JAKARTA, KOMPAS.com - Selama hampir lima tahun Desi Aries Sandy (28), seorang warga di Desa Manislor, Kabupaten Kuningan, Jawa Barat, belum juga memiliki KTP elektronik atau e-KTP.
Desi mengatakan bahwa kesulitannya mendapatkan e-KTP karena statusnya sebagai jemaah Ahmadiyah.
Padahal, sejak pemerintah membuat kebijakan e-KTP pada 2012, Desi dan ribuan warga Ahmadiyah lainnya telah melakukan perekaman data pribadi dan memenuhi persyaratan administratif.

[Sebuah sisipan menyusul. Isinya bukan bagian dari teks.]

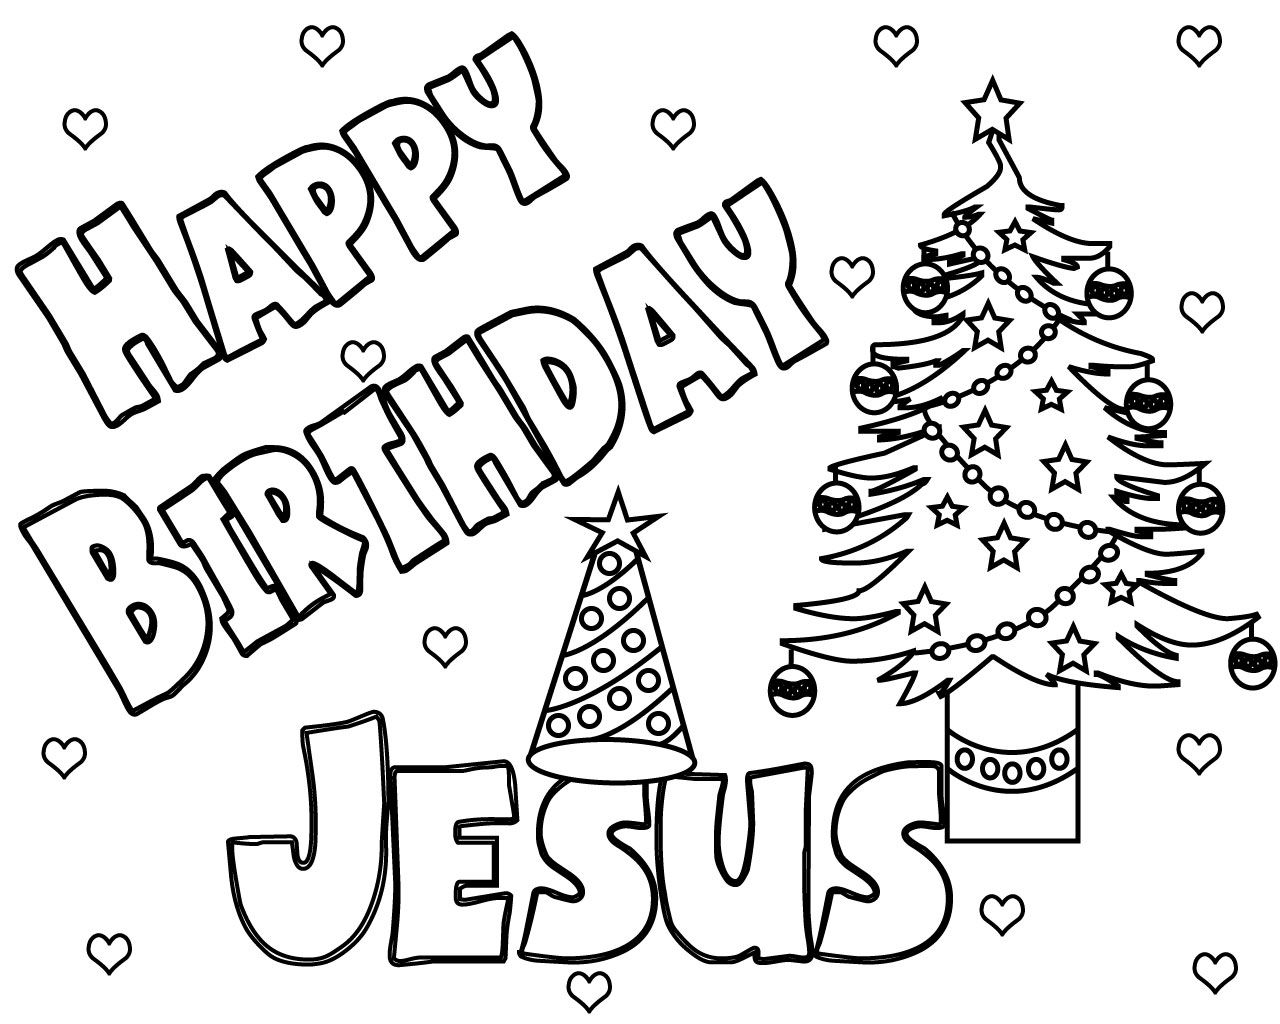 Happy birthday jesus coloring pages jesus birthday is celebrated on th of decembeâ happy birthday jesus birthday coloring pages happy birthday coloring pages

Namun, hingga kini Dinas Kependudukan dan Catatan Sipil (Dukcapil) Kabupaten Kuningan enggan menerbitkan e-KTP bagi 1.600 jemaah Ahmadiyah di Desa Manislor.
"Selama ini beredar anggapan yang menyatakan bahwa Ahmadiyah itu sesat dan menyesatkan. Itu terus bergulir," ujar Desi saat ditemui di kantor Ombudsman RI, Jakarta Selatan, Senin (24/7/2017).
"'Solusinya', untuk mendapatkan e-KTP kami harus menandatangani surat ini (pernyataan) bahwa kami telah keluar dari Ahmadiyah dan masuk agama Islam," kata dia.
Pihak Dinas Dukcapil, kata Desi, tidak mau menerbitkan e-KTP sebelum seluruh warga Ahmadiyah menandatangani surat pernyataan mengakui agama Islam dan mengucap kalimat syahadat.
"Kami diwajibkan menandatangani surat pernyataan dari Dinas Dukcapil. Alasannya untuk menyelamatkan warga Ahmadiyah dan Pemkab sendiri karena ada ancaman dari ormas tertentu. Pemkab berjanji akan merahasiakan surat pernyataan tersebut," ucap Desi.
Dia pun mempertanyakan adanya surat pernyataan tersebut. Pasalnya, syarat penandatanganan surat pernyataan itu tidak diatur dalam Undang-Undang Nomor 24 Tahun 2013 tentang Administrasi Kependudukan maupun Peraturan Mendagri Nomor 74 Tahun 2015 tentang Perubahan Elemen Data Penduduk di KTP elektronik.
"Jelas ini ada maladministrasi dan pelanggaran hak kami sebagai warga negara," kata Desi.
Akibat tindakan diskriminasi tersebut Desi kesulitan untuk mengakses segala pelayanan publik dan jasa transportasi.
Bahkan, dia mengungkapkan, ada warga Ahmadiyah yang tidak bisa mendaftar ke sekolah kedinasan karena mensyaratkan e-KTP.
"Kalau dampaknya banyak ya, yang paling terasa kami sulit untuk membuat BPJS karena KTP tidak ada. Kedua, saudara saya berniat berangkat umroh, tapi karena kami tidak punya e-KTP dia enggak bisa berangkat," ujar Desi.
"Pendidikan juga. Harusnya bisa masuk kuliah yang kedinasan, harus ada e-KTP, karena tidak punya akhirnya tidak jadi," ucap dia.
Menurut Desi, persoalan seperti ini tidak ia alami saat membuat KTP. Kolom agama pun tercantum Islam tanpa perlu menandatangani surat pernyataan dan mengucap kalimat syahadat.